Discuss with your family the homoerotic qualities of the name "Peter Cottontail."
Boil and dye a fertilized egg. Then crack it open and take photos of the children's joy. Then put them on Facebook.
For Easter, tell the family the story of how the giant bunny fell down Alice's hole.
Jesus' mom was one of the first ones to suspect that someone robbed her Son's grave & did terrible things to His corpse. Discuss.
Have the Easter bunny invite all the kids' moms to sit on his lap. Then have the kids do it and explain the "egg” in his pants.

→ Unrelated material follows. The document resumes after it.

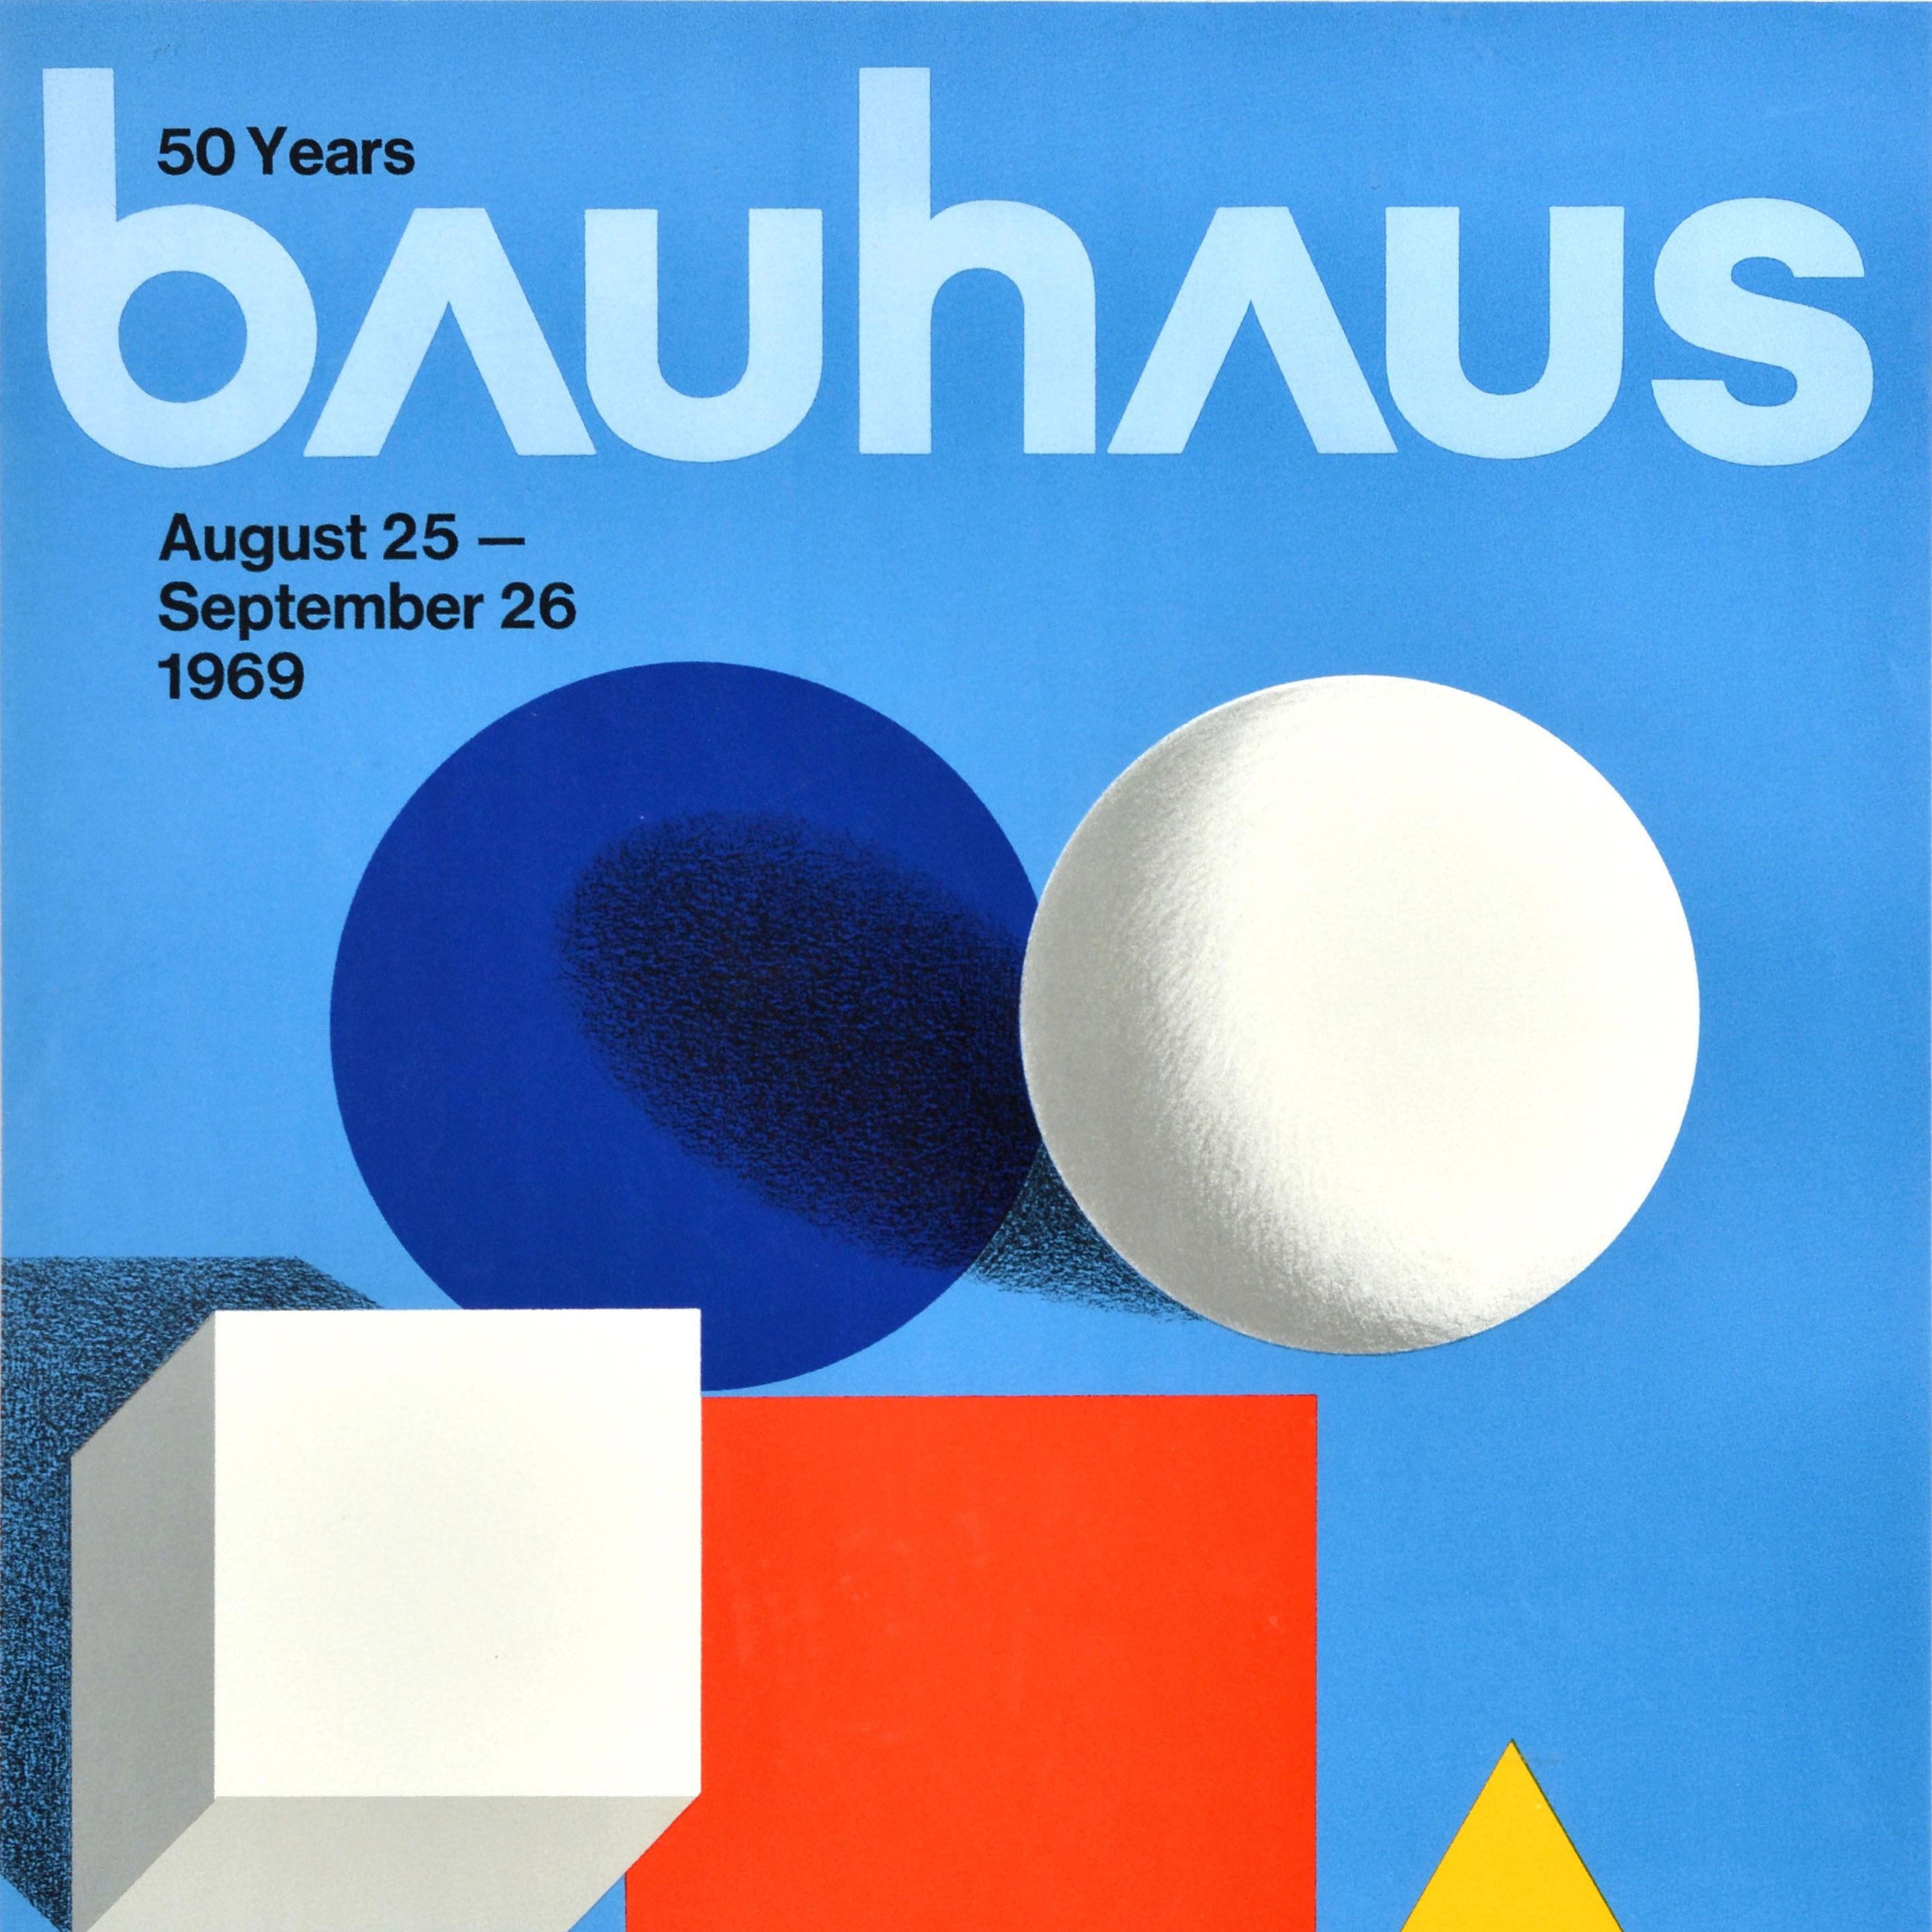 Affiche originale de l'exposition 50 Years Bauhaus qui s'est tenue du 25 août au 26 septembre 1969 à la S.R. Crown Hall Illinois Institute of Technology Chicago (IIT Illinois Tech ; fondé en 1890) présentant une composition minimaliste comprenant un

Coloring eggs is fun, but once you’ve colored one, it’s just a repeat. Discover what else you can color. Add some dye to the toilet bowl.
Tell the tale of how if Jesus sees his shadow on Easter, then it’s six more weeks of Lent.
Instead of ham or fried chicken or whatever you usually have for Easter, make a delicious rabbit stew.
Hide your Easter eggs on ant hills. If you live in the south, fire ant hills. Enjoy the children’s screams of happiness.
Go to Communion by hopping up the church aisle and sing the Peter Cottontail song in appropriate lounge-lizard vocal style.
Instead of getting the kids a live bunny as an Easter gift, get them one that’s already skinned & cleaned. Encourage them to elaborate on why this is better.
Bite the ears & tail off the chocolate rabbits, and carefully re-wrap them before putting them in the Easter baskets. See what animals the kids decide they are.
Put insulin and syringes in the Easter baskets. Watch the fun as the kids inject each other. Then after your fun-filled day of activities, enjoy the silence as they lapse into an insulin coma.